Over the last 10 years, there’s been a shift toward DevOps. Previously there was a discrete division between coding, done by developers and engineers, and deployment, done by Ops. However, it became apparent that for companies to optimize benefits such as productivity, development and operations shouldn’t be so disparate. The result of which is DevOps.
Along with the shift to DevOps have come several trade-offs—namely trading security for speed, certainty for agility and proprietary code for open source:
- Speed: Getting to market quickly has become critical to success. Speed now takes greater priority over fixing vulnerabilities, which can always be addressed in the next release (hopefully). And retrofitting for security and vulnerabilities after the fact becomes a big blocker for development and engineering teams.

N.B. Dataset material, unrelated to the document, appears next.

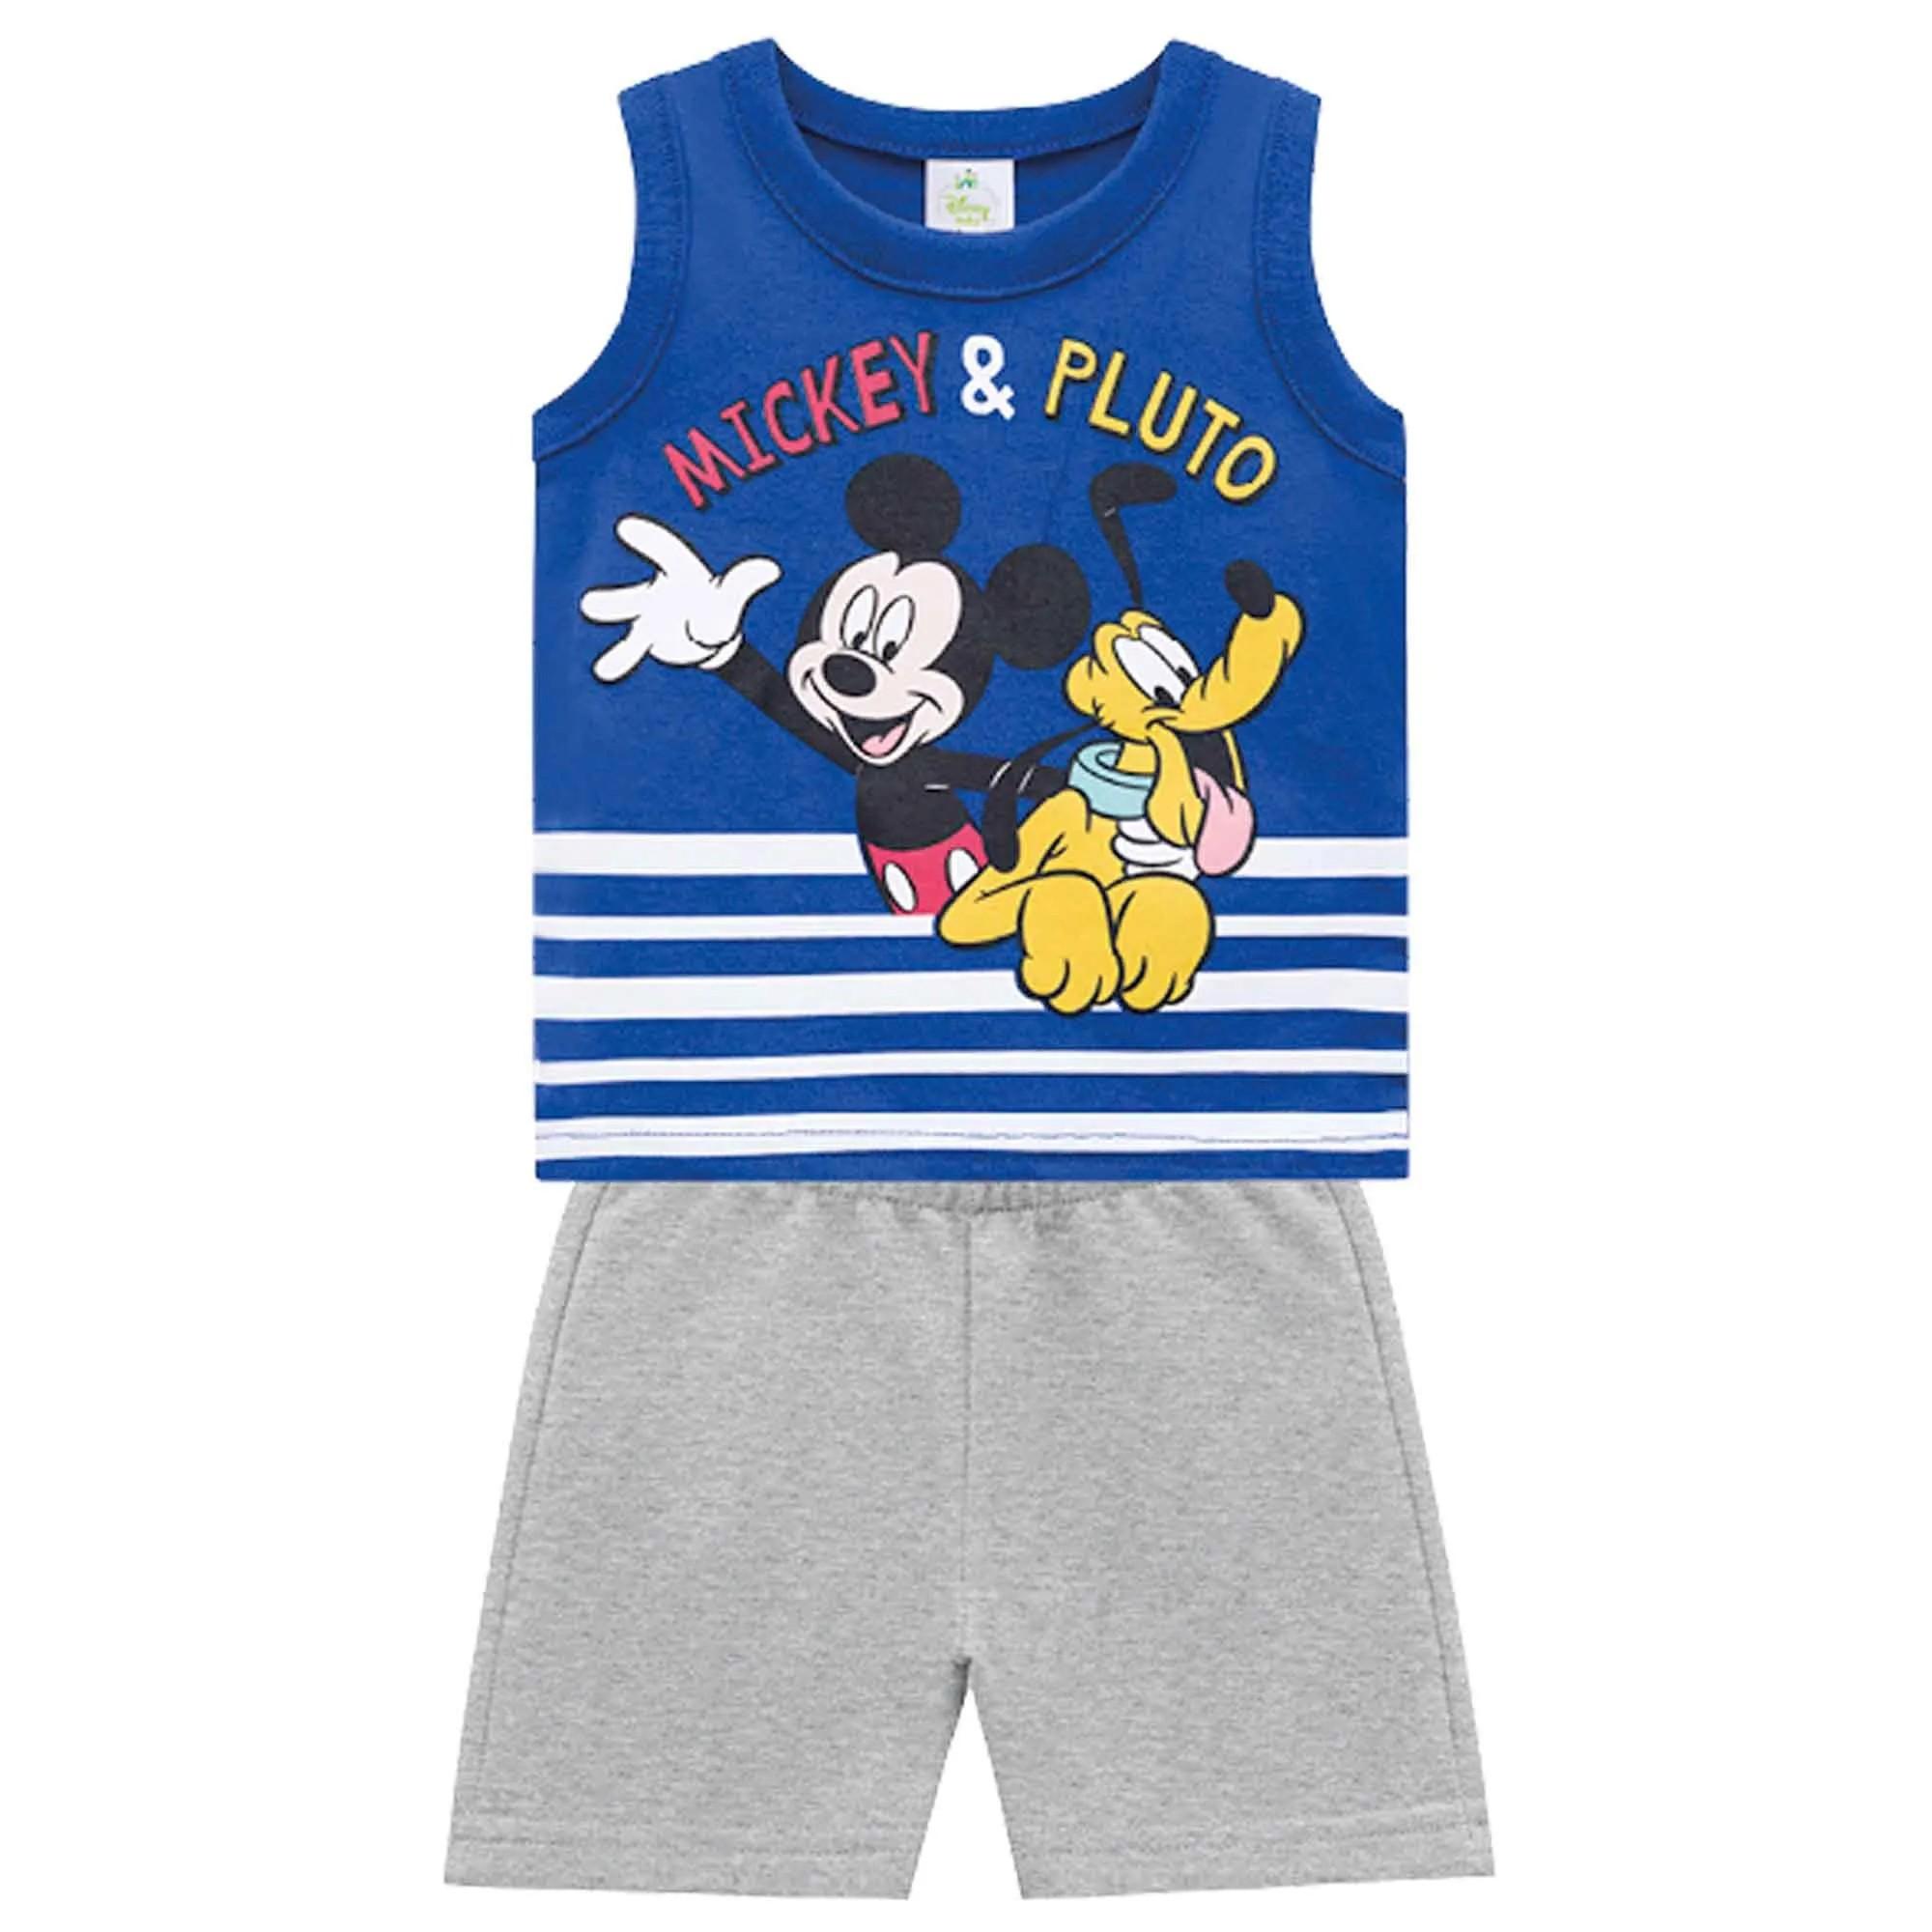 Conjunto Verão Brandili Baby Regata Mickey & Pluto com Bermuda Moletinho - P ao G

At the end of the day, the risk of lost profits is greater than the risk of potential unknown threats.
- Agility: Agility trumps certainty in the race to market. For instance, iterative pushes to production do away with fixed, known road maps in favor of implementing whatever this week’s most important feature/functionality is. The trend toward immutability is also important here; it’s generally simpler and quicker to throw away something that’s broken or outdated rather than trying to fix or update it.

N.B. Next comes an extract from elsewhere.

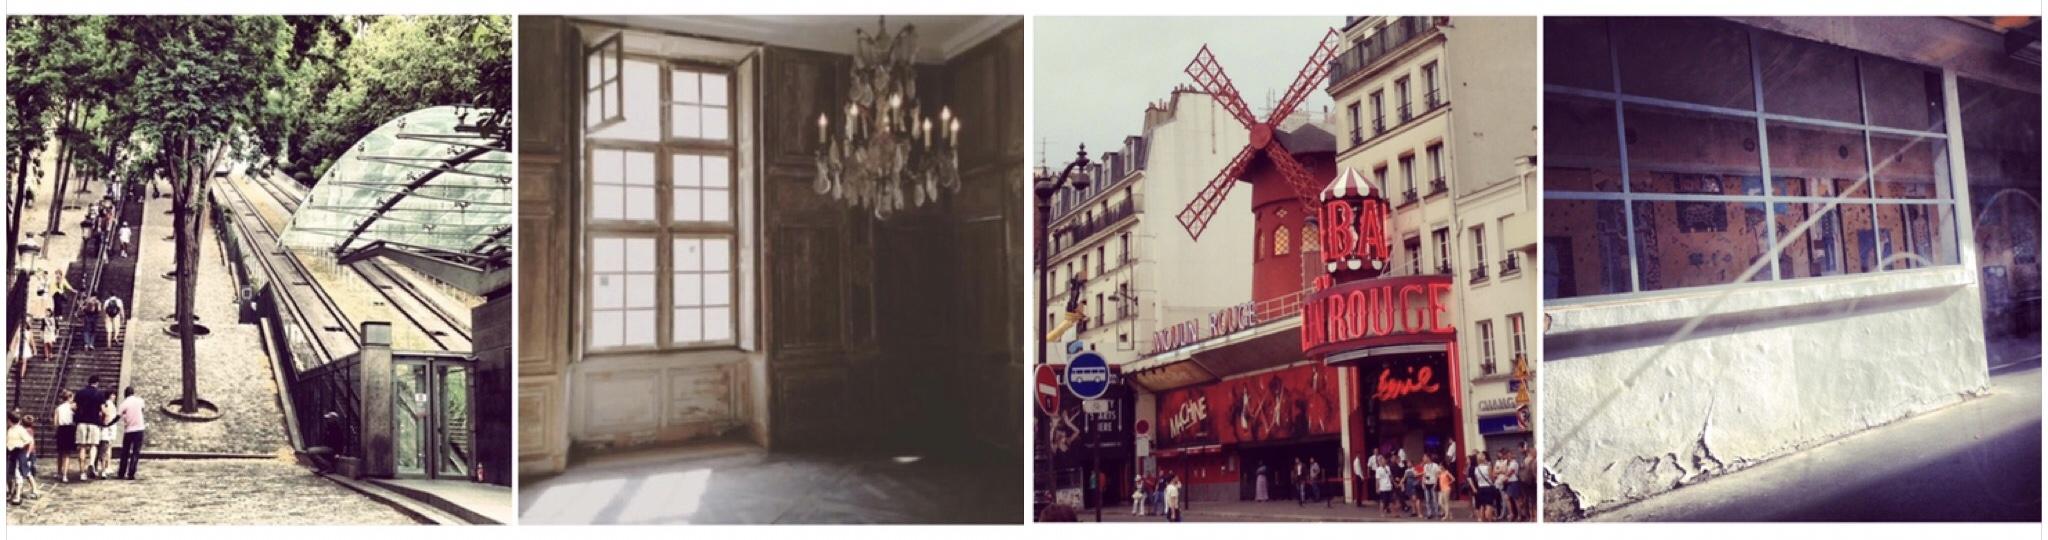 Paris Play

- Open source: Due to the greater innovation, reduced costs and transparency it delivers, open source has won over proprietary code. Rather than focusing on creating proprietary code, developers can quickly iterate on a solution by assembling open source code, accelerating time to market. Plus, the ability to take from what has already been created can free up your dev teams to innovate and build IP for your enterprise efforts.
For most, the tension between fixing something and knowing if it will break something upstream hasn’t been eliminated. You may be able to quickly update and patch a single solution, but how will this impact you once you push to your CI stream? Even for mature DevOps organizations, there’s a hidden opportunity cost associated with two factors that are overlooked: open source programming languages and Build Engineering.

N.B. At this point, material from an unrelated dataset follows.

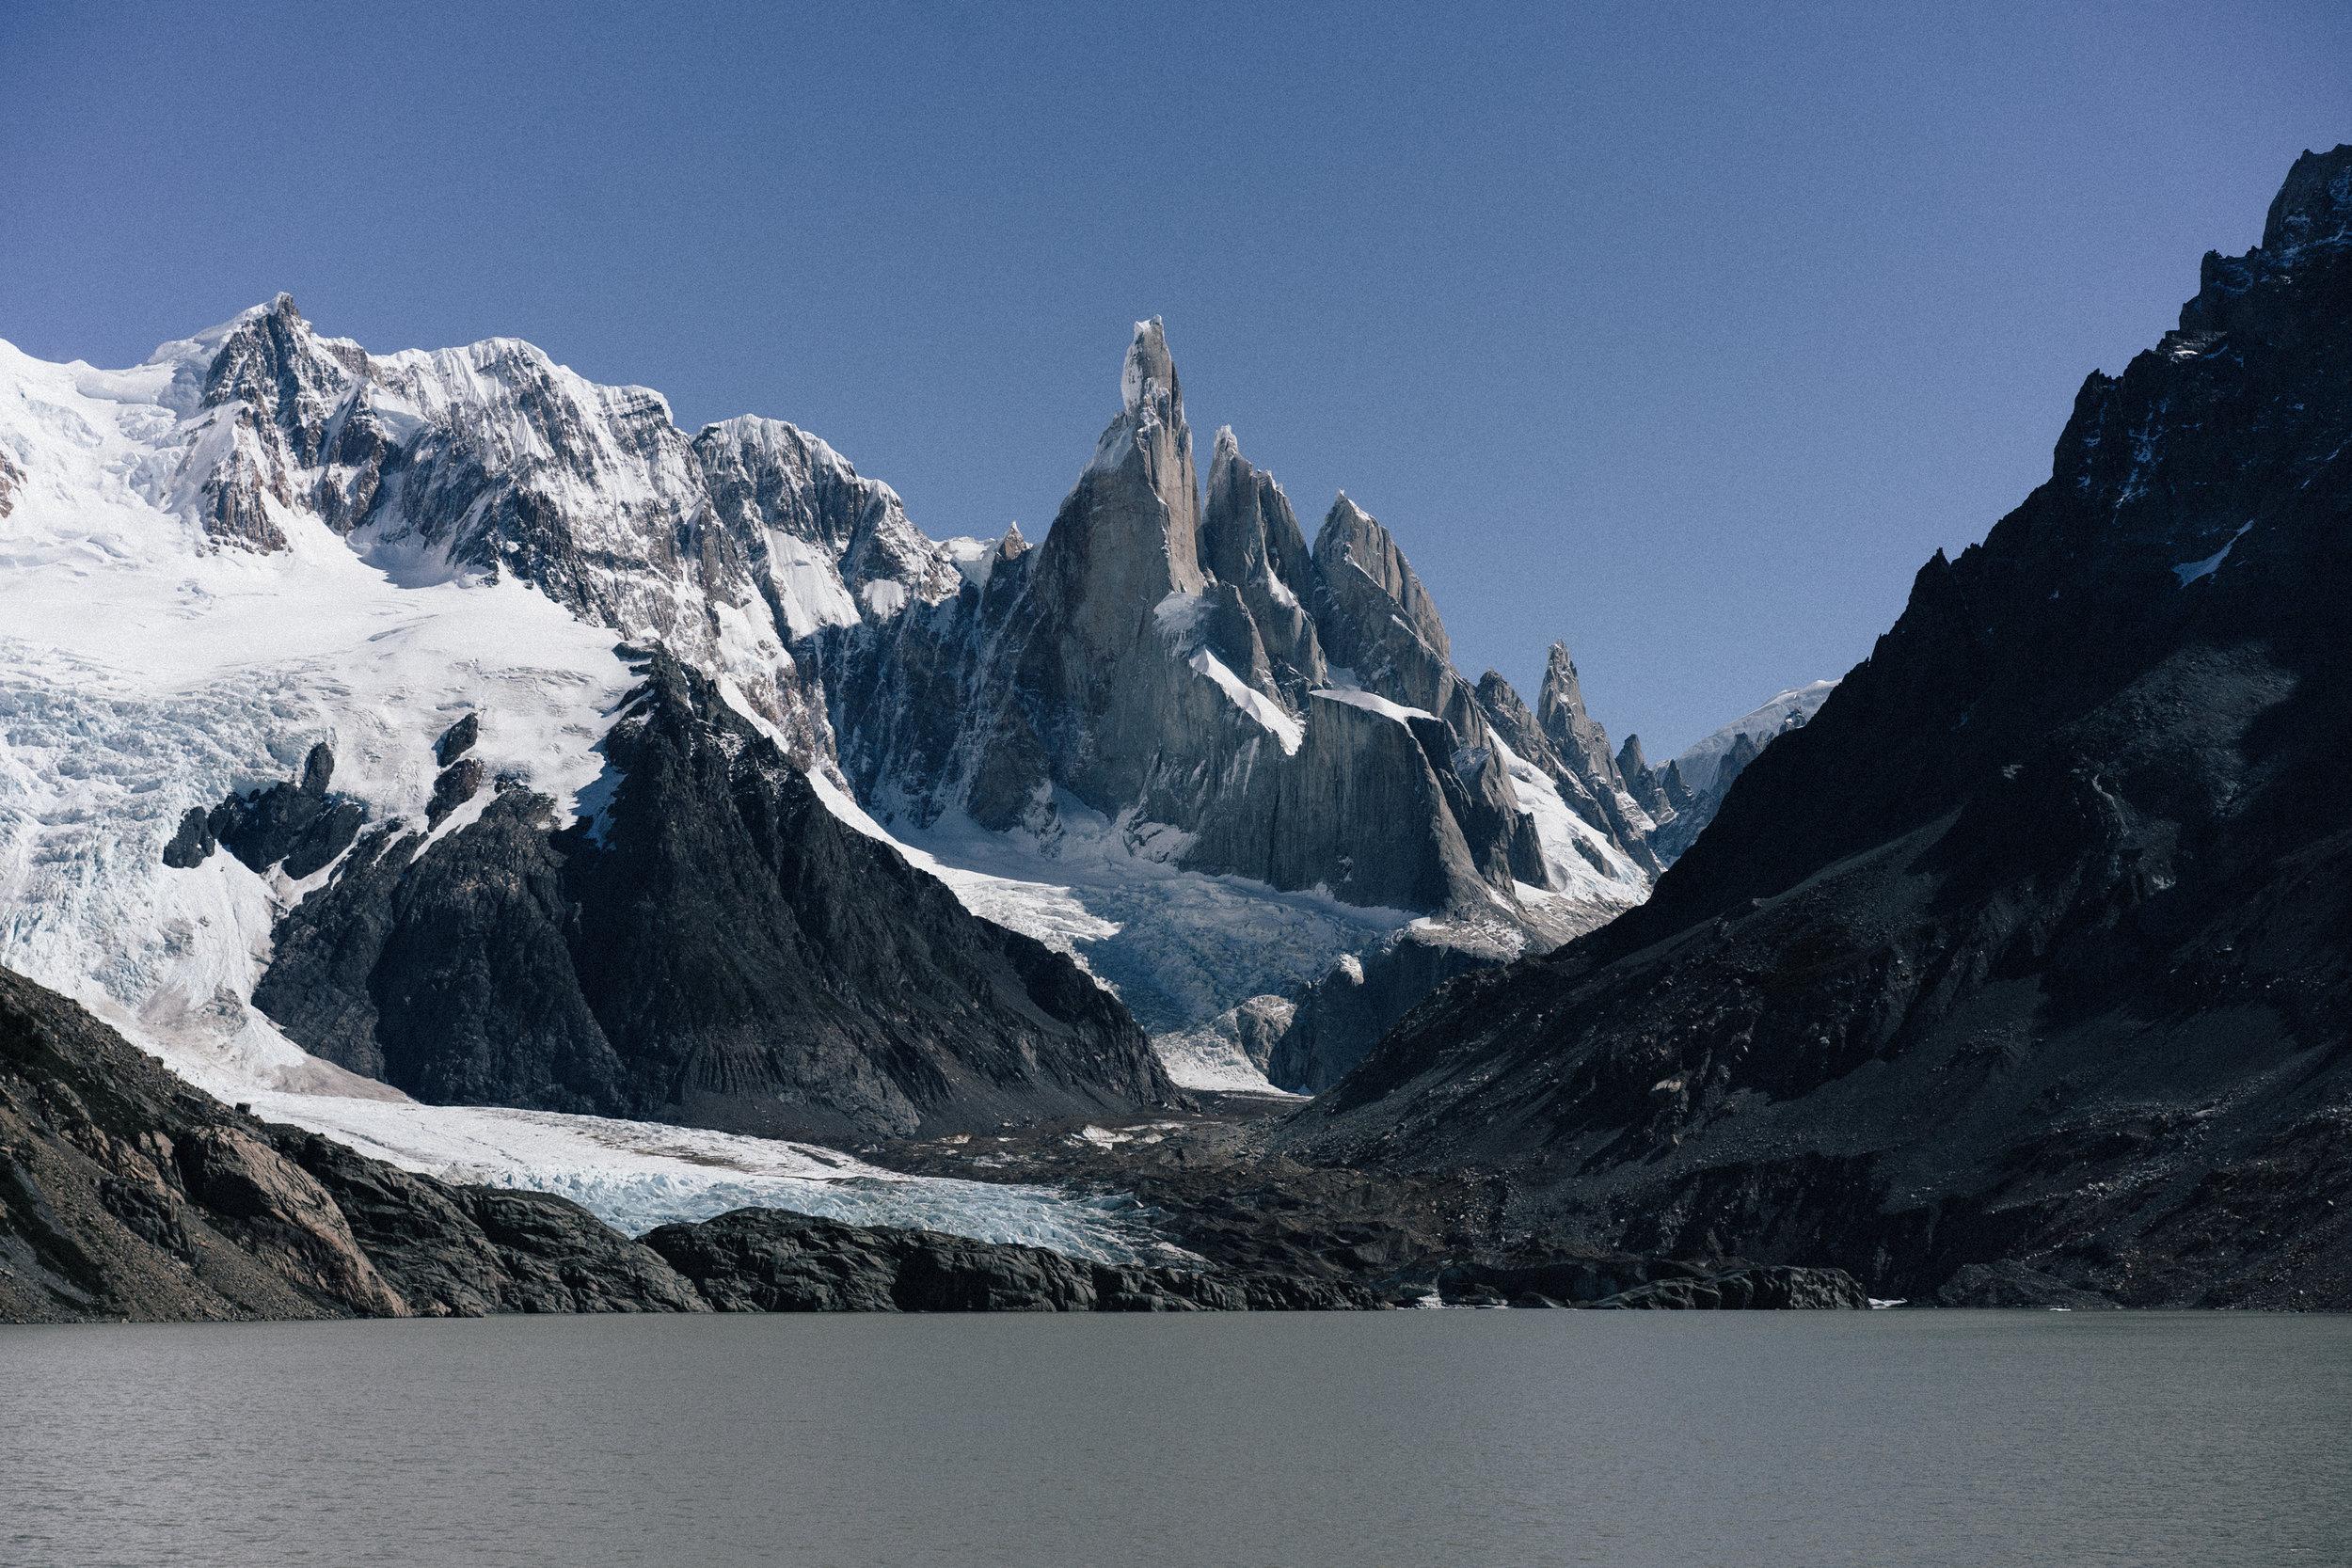 20190307_Patagonia_39.jpg

Overhead is added to your DevOps teams when you retrofit your open source language of choice with new versions, dependencies, security patches and so on adds. Teams should be focused on the things that matter—creating and delivering the latest release.
On top of that, Build Engineering takes a hit each time the underlying open source language is retrofitted. You need to rebuild all your developer environments, CI/CD systems and production environments. All of this build engineering work is manual, slows down time to market and eats up valuable engineering resources. Plus, you’re not certain your rebuild and update will provide performance improvements that warrant the update.
Since DevOps already relies on automation, it makes sense to apply this tool to the retrofitting and building of your open source languages and seamlessly connect to the rest of your DevOps cycle. You could ensure build reproducibility, dependency management and compliance with your corporate security and license criteria. For example:
- Build impact – What if you could understand the performance improvements (if any) that could be gained by taking the latest build?
- System update – Consider the benefits of being able to update all of your impacted systems across dev, test and even production environments with the latest build using a single command.
- Packaging – If each continuous build could be packaged in multiple ways—any form factor for any operating system—how would it change your workflow?
- Build validation – Imagine that every continuous build could be vetted against your smoke test, inclusive of compliance with your security and license criteria, so you knew whether it was ready to deploy.
- Continuous builds – What if every time a new version of a library or patch for a vulnerability was found, a new build was kicked off and you were notified when it was done? Then you could keep up with your continuous deployments.
The domino effect is a phenomenon that DevOps must deal with on an all-too-often basis. Dev and Ops came together for greater productivity, but unforeseen dependency issues regularly gum up the works. That’s the reason automation is such a useful tool, one that you can used to stop the domino effect as you automate your build pipeline for open source languages. It’s truly possible today to benefit your business by ensuring build reproducibility, dependency management and compliance with your corporate security and license criteria.